SURFERS PARADISE: Cynical critics who claim the Trump Tower will never be built here might need a serious rethink after Eric Trump overnight released stunning interior design features of what will be Australia’s tallest building.
Included in the images is the current front-runner design of an amazing four-storey Lolita Lobby (artist’s impression at top and below) that will greet the world’s richest men (and women) as they check in to sample what a young but maybe not so free no-hair Down Under has to offer.

Eric Trump praised this particular image but was at pains in an exclusive chat with The Bug to point out that that one amazing vista alone would eventually have enough gold-plate to just about strip Fort Knox bare.
“If these rich businessmen (and women) from around the globe prefer not to shown to their luxury suites straight away to pop their viagra pills or freshen up their lady bits, they can wait for their girls (and boys!) to arrive by enjoying a drink in one of the many bars that run around the perimeter of the Lolita Lounge, including the Roman Polanski Bar and Girll, the Woody Allen Wine and Spirits Experience or the Gerald “Who’s your father!” Ridsdale Suckcocktail Bar.
While they enjoy their drinks, they can appreciate the piped music played throughout the Lolita Lounge, bars and retail outlets, including on rotation some of Donald Trump’s favourite songs, including Maurice Chevalia’s Thank Heaven for Little Girls, Elvis Presley’s Hey Little Girl, Good Morning Little School Girl by Muddy Waters, the haunting Sweet Little Rock and Roller by Chuck Berry and the Andre Williams’ classic Jail Bait.
Another amazing feature of Trump Tower is that floor numbers only ever go up to 12, which are then repeated over and over again until what should be the top level 92 will actually be the eighth No 9. This is believed to be a world first in high-rise apartment design and has nothing to to with Chinese superstitions or feng shui nonsense.
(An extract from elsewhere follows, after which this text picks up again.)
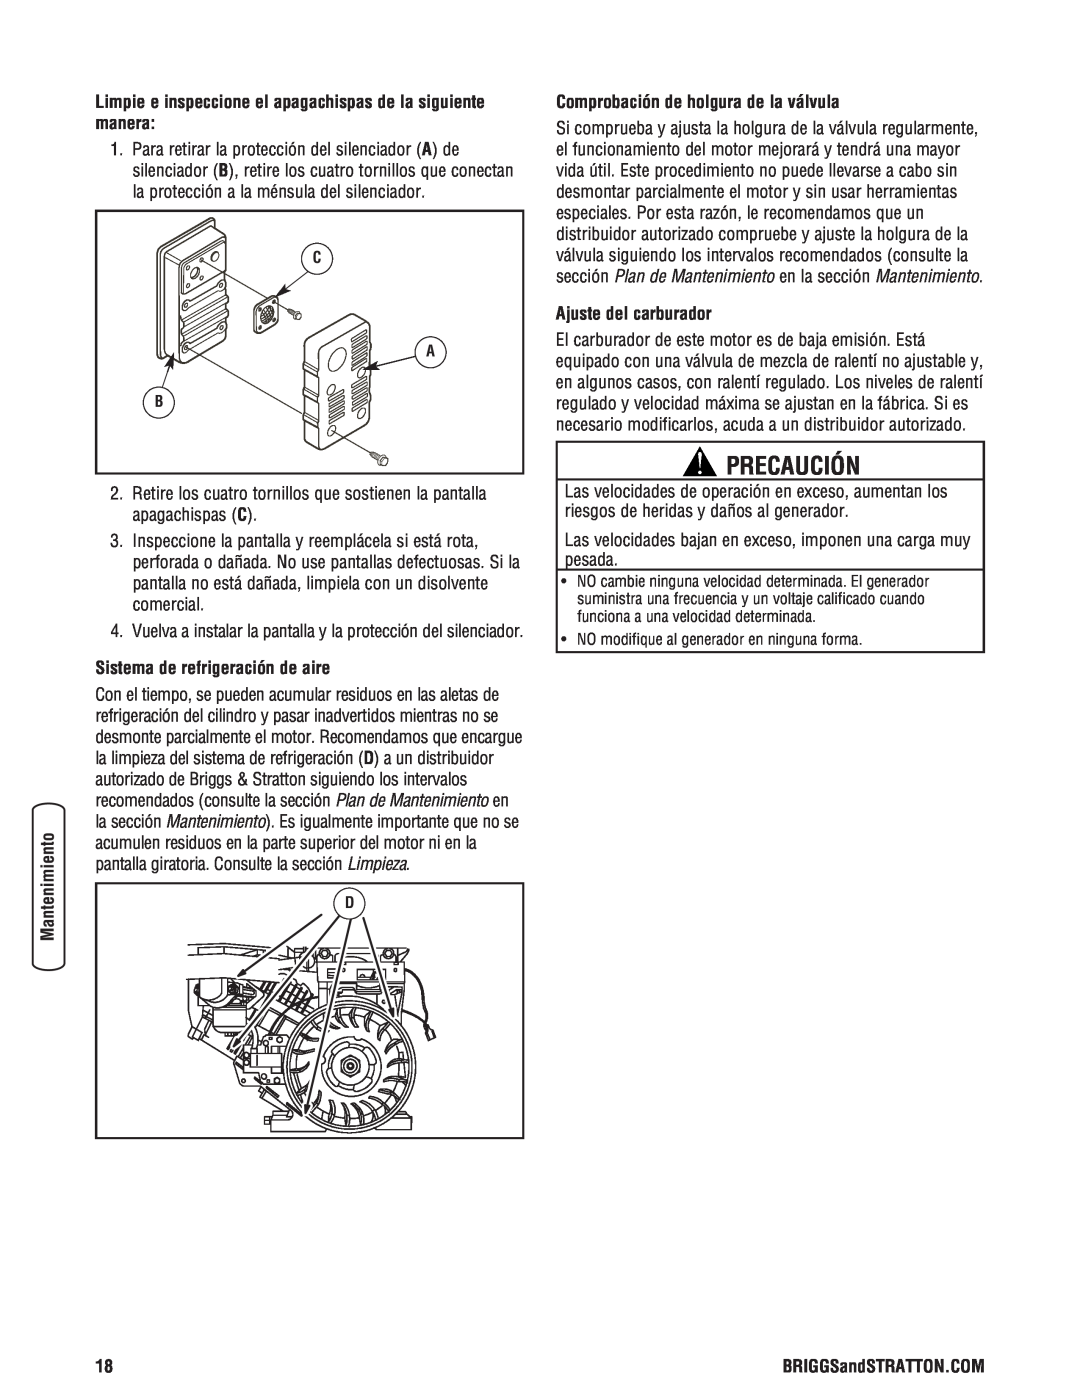 Briggs & Stratton Portable Generator Precaución, Sistema de refrigeración de aire, Comprobación de holgura de la válvula

As another Trump Foundation member explained the reason for this on the condition of anonymity: “As our valued guests make their way up any of our four golden Jeffrey Epstein Memorial escalators – you’ll be amazed how fast they can get up or go down! – from the Lolita Lounge, we want them to take comfort in the fact that they’ll not be confronted with anything over 12.”
“We want hairless and pre-menstrual to be foremost in their minds.
“And that those 1000-baht-a-night Bangkok girls, boys and lady boys and what they had to offer, individually or as a tug-team effort, are but a distant and fading memory.
“Aussie! Aussie! Aussie! Boy! Boy! Boy! Or girls.”